Let’s compare the information criteria scores:
| Model | AIC | AICc | BIC |
|---|---|---|---|
| ETS(M,A,M) | 2838 | 2839 | 2908 |
| ETS(M,Ad,M) | 2844 | 2846 | 2918 |
The model with the damped trend has a higher AIC, AICc, and BIC. So, our champion indeed is ETS(M,A,M).
- Compare the RMSE of the one-step forecasts from the two methods. Which do you prefer?
8.8.c Solution
Okay, let’s compare the RMSE of the one-step forecasts from the two methods. One-step? I know accuracy() calculates the RMSE, but for a single step? Let’s see. Ah, accuracy(): Accuracy measures can be computed directly from models as the one-step-ahead fitted residuals are available.
# Non-damped
data |>
model(ets = ETS(Turnover ~ error("M") + trend("A") + season("M"))) |>
accuracy()# A tibble: 1 × 12
State Industry .model .type ME RMSE MAE MPE MAPE MASE RMSSE
<chr> <chr> <chr> <chr> <dbl> <dbl> <dbl> <dbl> <dbl> <dbl> <dbl>
1 Tasmania Electrical… ets Trai… -0.0114 1.33 0.944 -0.495 5.62 0.458 0.480
# ℹ 1 more variable: ACF1 <dbl># Damped
data |>
model(ets = ETS(Turnover ~ error("M") + trend("Ad") + season("M"))) |>
accuracy()# A tibble: 1 × 12
State Industry .model .type ME RMSE MAE MPE MAPE MASE RMSSE
<chr> <chr> <chr> <chr> <dbl> <dbl> <dbl> <dbl> <dbl> <dbl> <dbl>
1 Tasmania Electrical a… ets Trai… 0.0925 1.34 0.947 0.194 5.61 0.459 0.480
# ℹ 1 more variable: ACF1 <dbl>The RMSE of the non-damped model is 1.3333, while the RMSE of the damped model is 1.3351. So close! But the non-damped model has a slightly lower RMSE, so, if that is all I am basing my decision on, then I will opt for the non-damped model.
- Check that the residuals from the best method look like white noise.
8.8.d Solution
data |>
model(ets = ETS(Turnover ~ error("M") + trend("A") + season("M"))) |>
gg_tsresiduals()
Wow, the residuals are very normally distributed. And the ACF show a few lags at which the correlation coefficient is above or below the dotted line, but very minimally. And the residual line plot looks like white noise. Let’s confirm by checking the mean.
c <- data |>
model(ets = ETS(Turnover ~ error("M") + trend("A") + season("M"))) |>
components()
mean(c$remainder, na.rm = TRUE)[1] 0.0004808833Alright! The mean is tiny. I’m comfortable calling it white noise.

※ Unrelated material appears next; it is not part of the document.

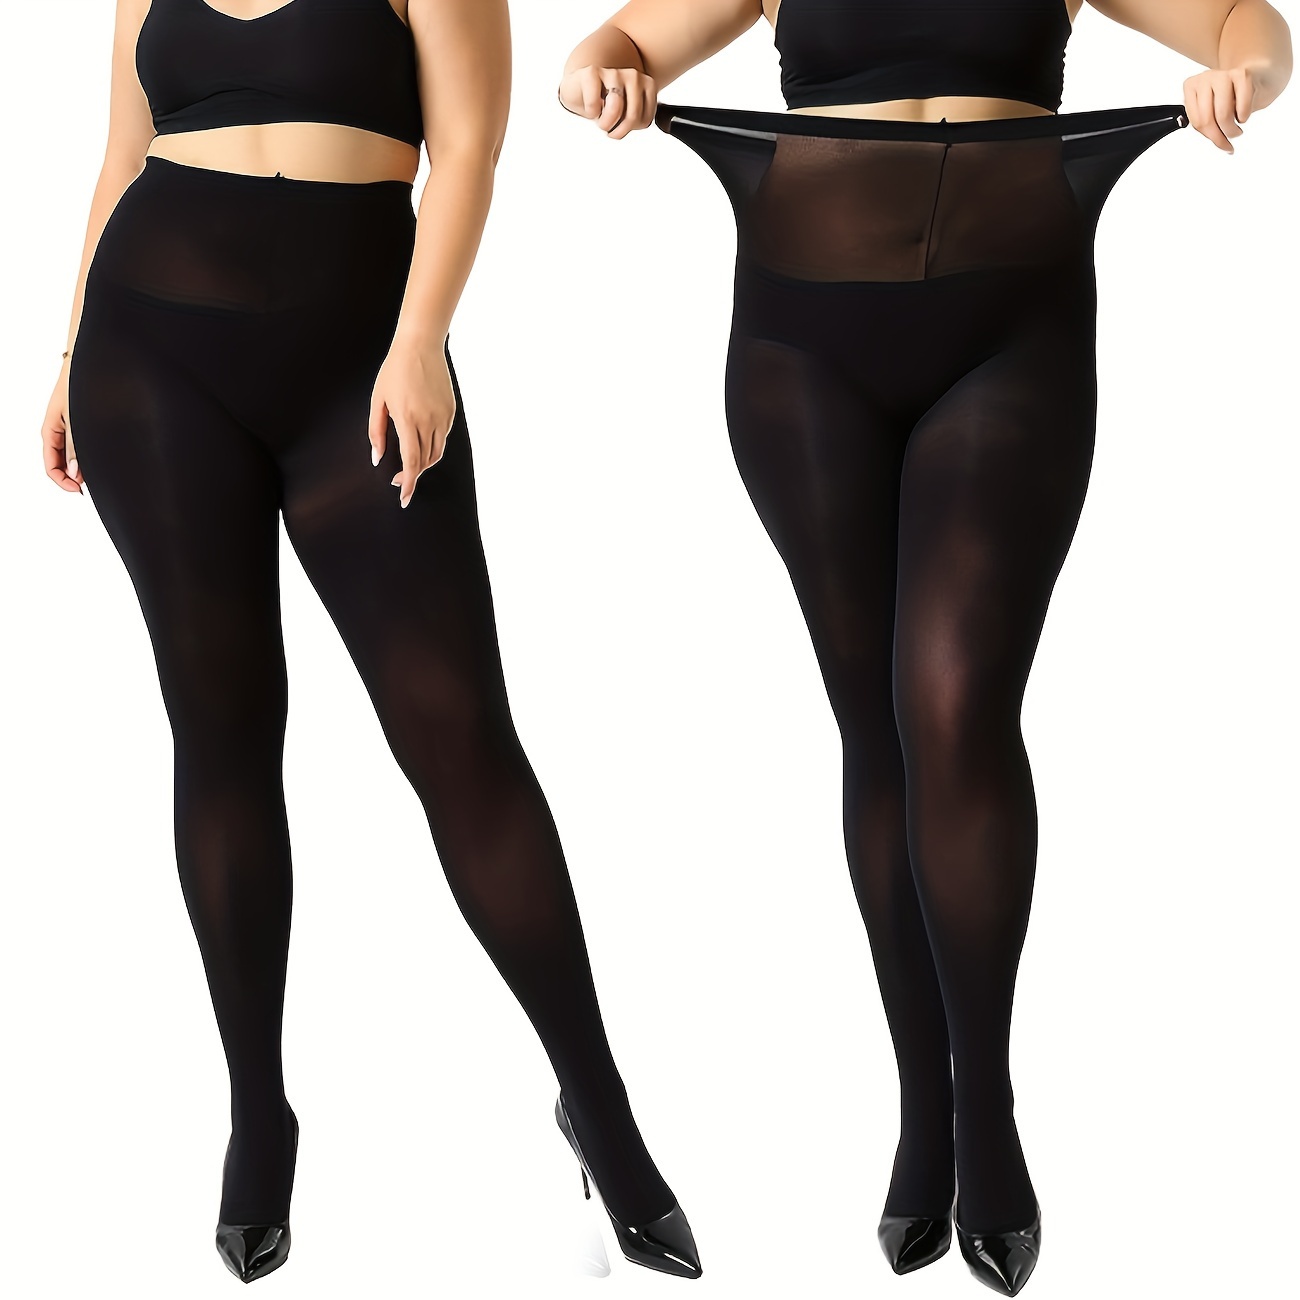 MANZI Women's 2 Pairs Plus Size Control Top Ultra-Soft Pantyhose

- Now find the test set RMSE, while training the model to the end of 2010. Can you beat the seasonal naïve approach from Exercise 7 in Section 5.11?
8.9.e Solution
data |>
filter(year(Month) < 2011) |>
model(ets = ETS(Turnover ~ error("M") + trend("A") + season("M"))) |>
accuracy()# A tibble: 1 × 12
State Industry .model .type ME RMSE MAE MPE MAPE MASE RMSSE ACF1
<chr> <chr> <chr> <chr> <dbl> <dbl> <dbl> <dbl> <dbl> <dbl> <dbl> <dbl>
1 Tasm… Electri… ets Trai… 0.0293 1.14 0.823 -0.522 5.96 0.482 0.511 0.0471The RMSE of the test set above is ~1.144. The seasonal naïve approach from Exercise 7 in Section 5.11 had an RMSE of 2.24. So, yes indeed! We can beat the seasonal naïve approach.
Exercise 8.9
For the same retail data, try an STL decomposition applied to the Box-Cox transformed series, followed by ETS on the seasonally adjusted data. How does that compare with your best previous forecasts on the test set?
8.9 Solution
Find an optimized lambda for the Box-Cox transformation.
lambda <- data |>
features(Turnover, features = guerrero) |>
pull(lambda_guerrero)
data_t <- data |>
mutate(Turnover = box_cox(Turnover, lambda))
data_t |>
autoplot(Turnover)
Well, welly, welly, that’s done a pretty good job. Let’s try the STL decomposition. Actually, I’m not understanding what is being asked? What is the STL decomposition for? We have the transformed data. Let’s walk through it. Perhaps it will make sense?
decomped <- data_t |>
model(stl = STL(Turnover)) |>
components()Okay, I see the season_adjust data. But why aren’t we trying to use the S in ETS? All will be revealed. We shall use the season_adjust data with ETS.
decomped |>
select(season_adjust) |>
model(ets = ETS(season_adjust ~ error("M") + trend("A"))) |>
accuracy()# A tibble: 1 × 10
.model .type ME RMSE MAE MPE MAPE MASE RMSSE ACF1
<chr> <chr> <dbl> <dbl> <dbl> <dbl> <dbl> <dbl> <dbl> <dbl>
1 ets Training -0.00307 0.0930 0.0710 -0.156 2.31 0.396 0.415 0.0566The RMSE of 8.9.e is ~1.144. Our RMSE, calculated from our seasonally adjusted, box-cox transformed data is 0.093. Ladies and gentleman, we have a new champion. Well, all was revealed. There is wisdom behind the ways of our wiley professors.